Henning was willing to try some new things to spur business for the opera house. He transformed the front part of the basement into a restaurant and saloon and even built an 85 ft-long bowling alley. In 1891 the saloon was turned into a tearoom offering ice cream, cold lunches, and lemonade, which Henning's wife and daughters staffed. Henning also tried to improve the quality of theatrical circuits that came to perform at the opera house, but frequent cancelations and financial difficulties once again threatened to close Tibbits.

A number of solutions were proposed for the theatre. Some suggested that the building be used as a Town Hall and council room. Others proposed a beer garden with variety shows. Thespians who wanted the original purpose of the building to be preserved favored the establishment of a stock company to manage the finances. None of these ideas came to fruition however, and Henning sputtered from one year to the next barely making ends meet.

If the diversity of productions during the Tibbits Era was broad, it was even more so during the Henning years. Theatrical productions included such genres as Irish comedy, combination plays, repertory companies, drama, opera, and operetta. Comedies began to shift toward vaudeville-type performances in which "the performers became more important than the play", with play reviews focusing more on "the actors' songs, dances and acrobatic skills rather than on the play itself" Uncle Tom's Cabin companies continued to tour, trying to outdo each other with the most sensational stage elements. Set designers pushed the limits with special effects creating a rainstorm on stage with actual water and even pushing the safety limit by lighting part of the stage set in "The Streets of New York" on fire. Such efforts were part of a theatrical movement toward "naturalness" and "realism" on stage. In "The Police Patrol", a scene depicted the interior of a police patrol barn with horses in stalls. Once the police alarm sounded, the horses were harnessed and dashed off stage in a matter of seconds. Such was the extent to which performers pushed the element of realism.
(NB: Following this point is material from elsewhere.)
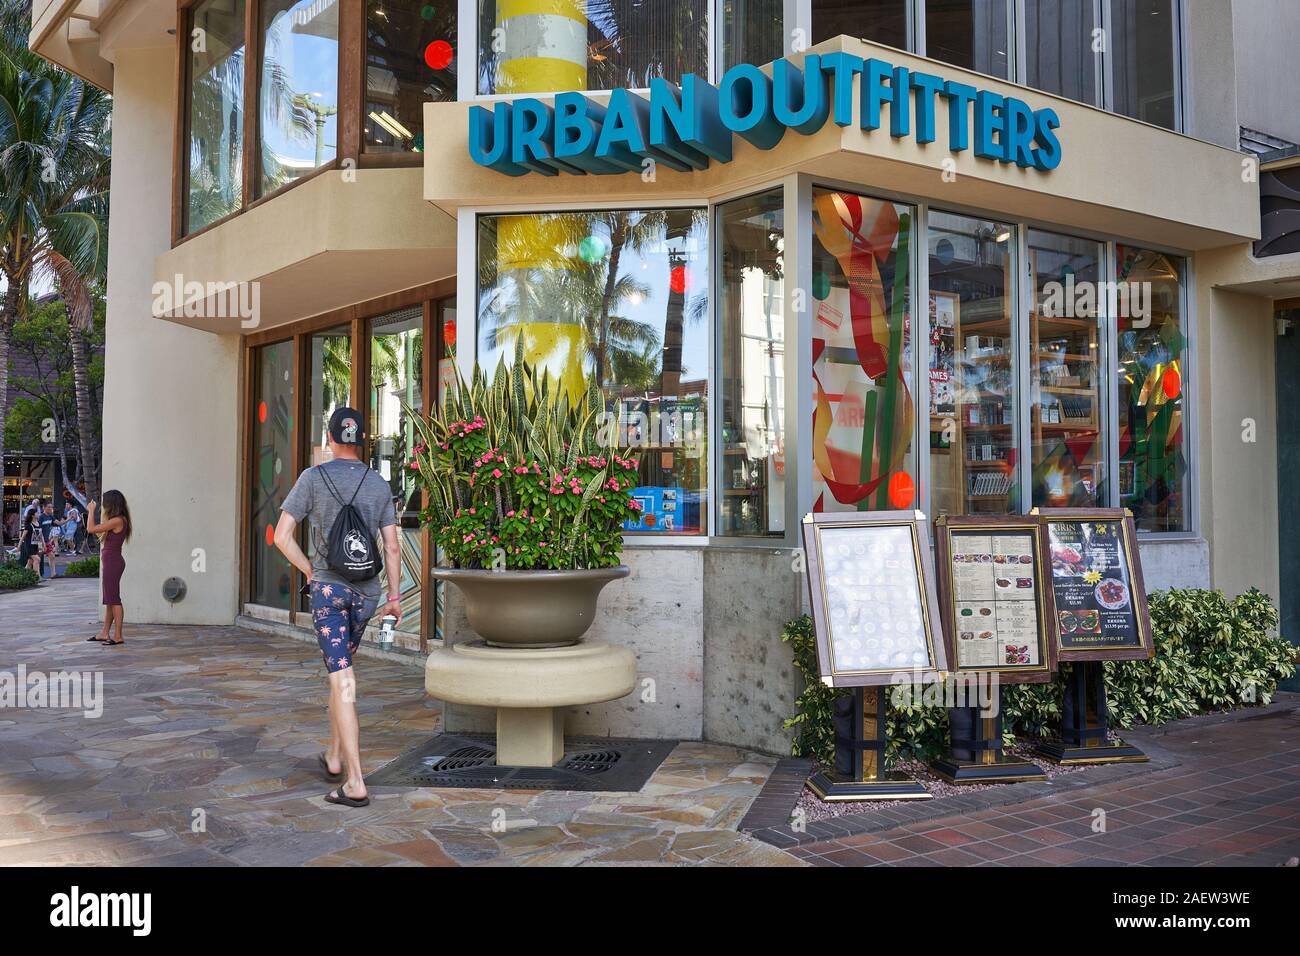 An Urban Outfitters lifestyle retail store in the Waikiki neighborhood in Honolulu, Hawaii, on Nov 25, 2019. Stock Photo

The number of lectures hosted at Tibbits picked up during the Henning years in part because for a time, the YMCA sponsored various lecture series. Topics ranged from the problems of the working man hosted by National Assembly of Knights of Labor representative R. F. Trevellick, C. E. Bolton's "Russia and the Romanoffs", a lecture by Robert McIntyre on military life in the Post Civil War South, George Kennan's "Camp Life in Eastern Siberia", topics ranging from love and marriage to prison life, Paul B. DuChailler's prohibitionist lecture, George R. Wendling's discussion of "Saul of Tarsus", lectures on various world geographies, and even one called "Old Ocean, Our Slave and Master", by Prof. Juno B. Demotte. Perhaps the biggest draw came from Robert G. Ingersoll who presented a lecture on Abraham Lincoln, attracting audiences from neighboring counties who flocked to listen to his "matchless oratory and brilliant word-painting" Such events not only made Tibbits a place of entertainment, but one of education as well.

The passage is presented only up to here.